Test your programming skills

The task

A frequent task in Information Retrieval (IR) is the calculation of term frequencies. For all terms it is to be counted how often they occur in a text. For this a term is defined as the stem of a word. Examples:

word -> word stem (term)
going -> go
apple -> appl
apples -> appl

Within this task the document in question (the first scene of Shakespeare's Hamlet) is in XML format. Therefore first that file must be downladed and parsed. After this only the contents of the <LINE> is to be taken, meaning everything enclosed in <LINE>...</LINE>. From this the term frequencies (after stemming) are to be calculated. The output of the programm is a list of all terms, together with the respective occurrence frequencies within <LINE> elements. The output should look like this:

word count
go 7
appl 2
situat 5

It is recommend to implement term counting on plain text first, and afterwards extend the programm towards XML parsing.
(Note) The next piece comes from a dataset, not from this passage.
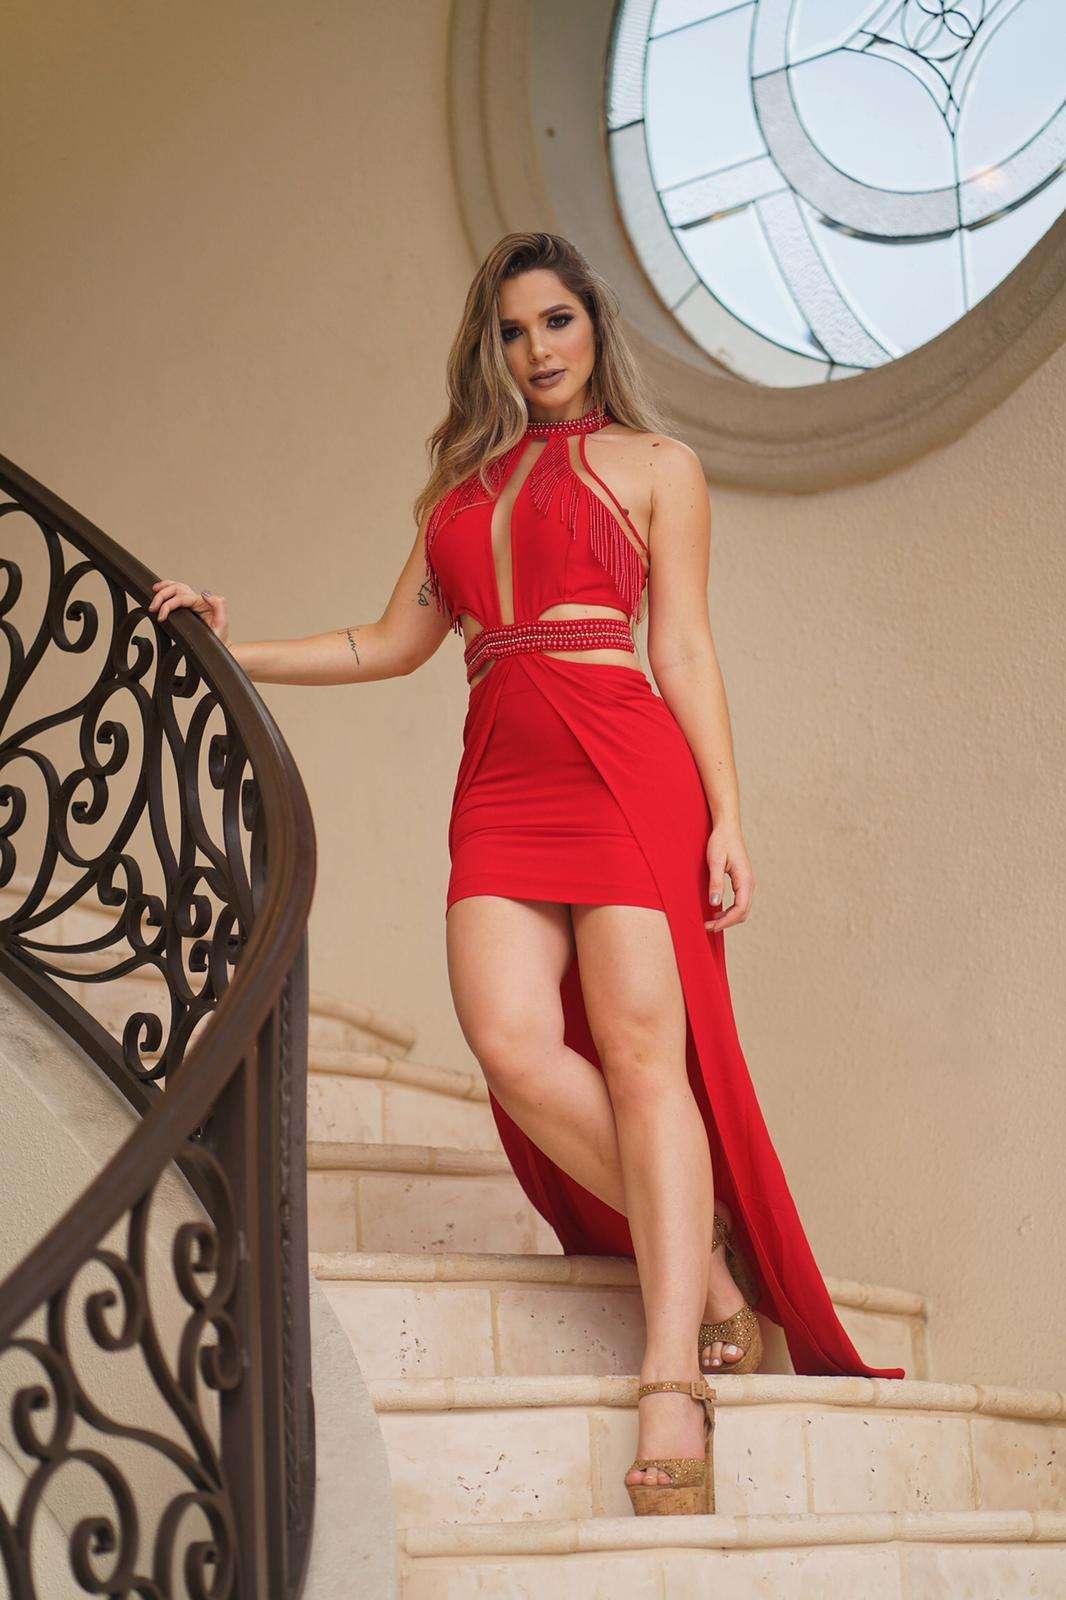 Modelo brasileira no New York Fashion Week

Feel free to fullfill this task in your favourite language. Further resources for solving the problem in the most important languages are below. Feel free to contact us when you have questions concerning this tasks. If you want to let us check your results, please send us the code and the output of your running program.

Hints for Java

Parsing of XML can be done with Xerces. For word stem reduction there is a variant of the famous Porter Stemming Algorithm available. For counting the occurrence frequencies one can use java.lang.String.split or classes from the java.util.regex package and java.util.HashMap.